Correlation between ErbB2 expression and basal ROS levels: Parental BT-20 (A) or MCF-10A (B) cell lines and their ErbB2-overexpressing derivatives were analyzed for basal ROS levels by loading with 5 µM CM-H2DCFDA followed by flow cytometry. Typically two peaks are seen in the FACS profile, representing distinct population of cells with low and high ROS. Note an increase in the brighter peak upon ErbB2 overexpression. (C) Comparison of basal ROS levels among breast cancer cell lines. Cells were grown for 48 h, trypsinized and stained with CM-H₂DCFDA. Each cell line was analyzed in triplicates. The relative ROS levels are expressed as a ratio of cells with high ROS to low ROS, as analyzed from the two peaks (seen in A and B). (D) Effect of Celastrol or 17-AAG on basal ROS levels in SKBr-3 cell line. Cells treated with Celastrol or 17-AAG at the indicated concentrations for 4 h, following by analysis of ROS levels using flow cytometry after CM-H₂DCFDA loading.

Figure 10

The anti-oxidant N-acetyl Cysteine delays although it does not abrogate Celastrol-induced cell death. (A) Effect of N-acetyl Cysteine (NAC) on Celastrol-induced cytotoxicity in SKBr-3 cell line. Cells were treated with the indicated concentrations of Celastrol with or without a 500-fold excess of NAC. Changes in cell morphology were recorded at the indicated time points under a bright field microscope using a x20 objective. (B) Quantification of the cytotoxic effect of Celastrol and protective effect of NAC analyzed by counting rounded cells.

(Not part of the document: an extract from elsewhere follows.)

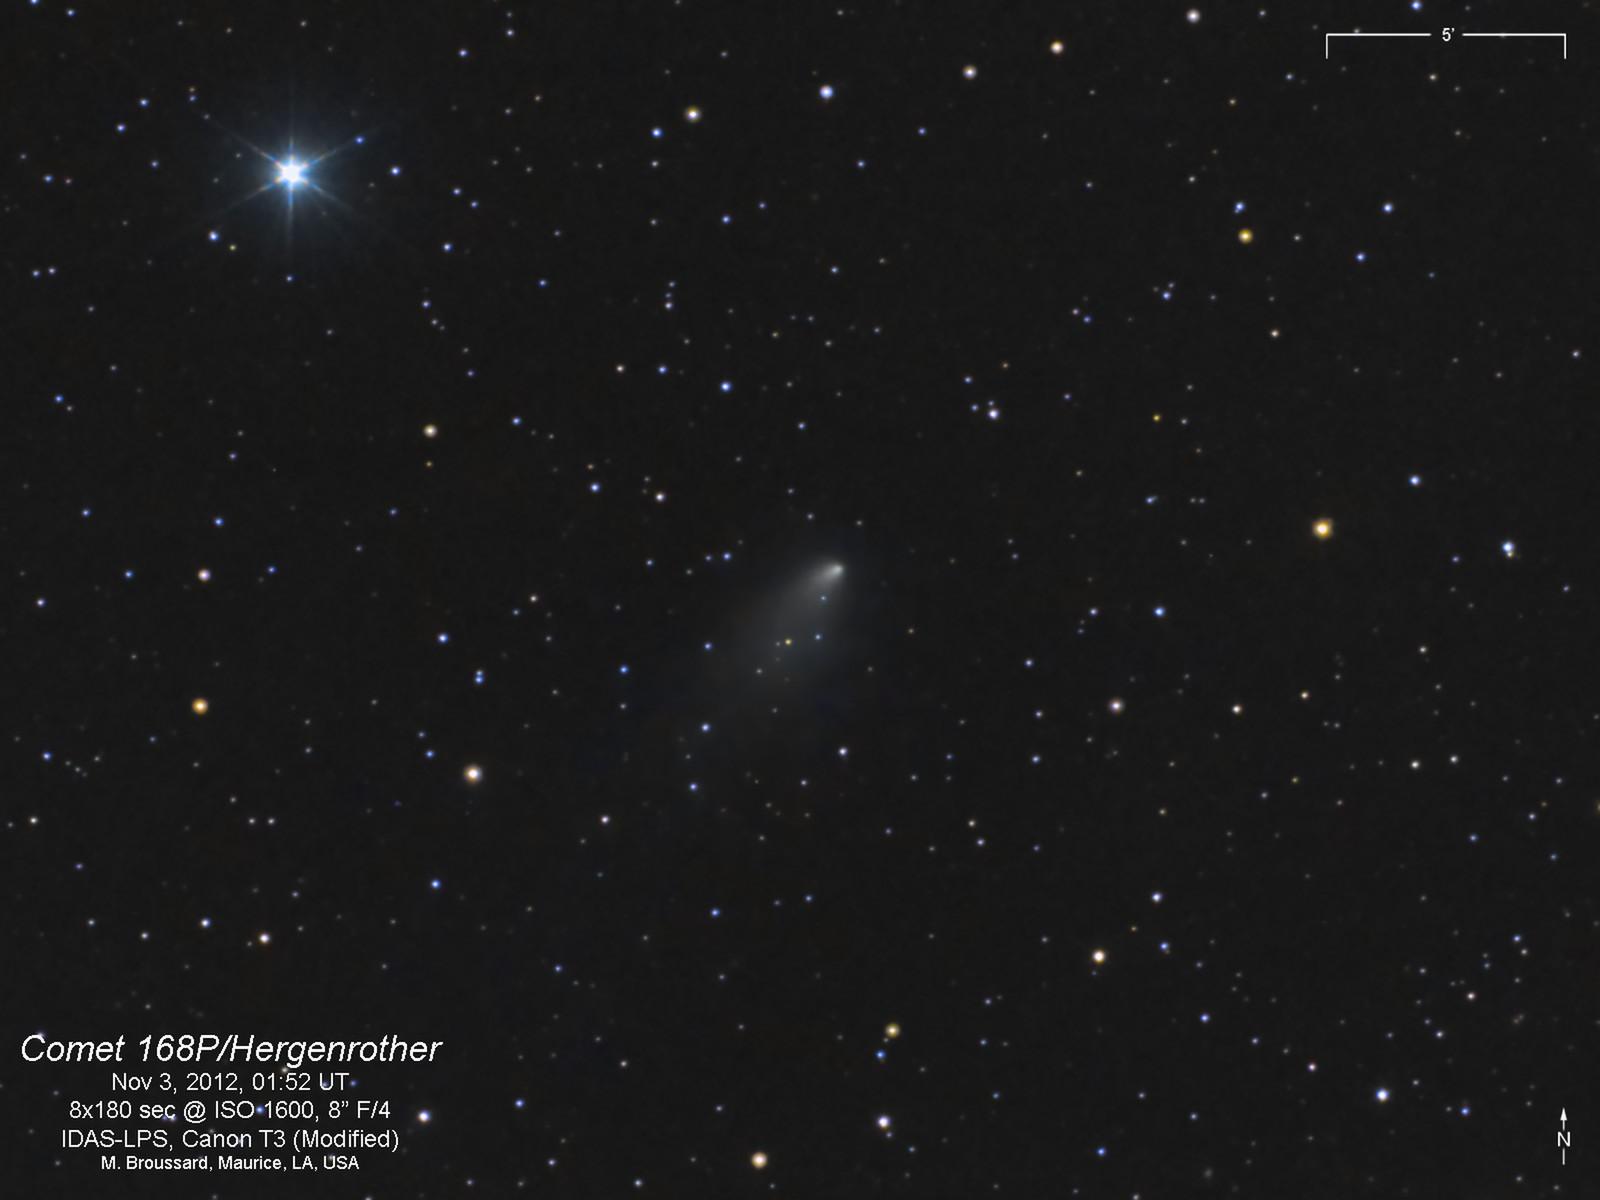 Comet 168P/Hergenrother on Nov 3, 2012

Celastrol induced cell death was evaluated by counting the number of rounded versus flat/attached cells for each treatment condition. The % of cells with rounded morphology (in relation to total cells counted) is shown. (C) Quantification of the cytotoxic effect of Celastrol and protective effect of NAC analyzed using Annexin-V staining. Cells were treated with Celastrol or Celastrol plus NAC for the indicated time points and analyzed for Annexin V staining using flow cytometry.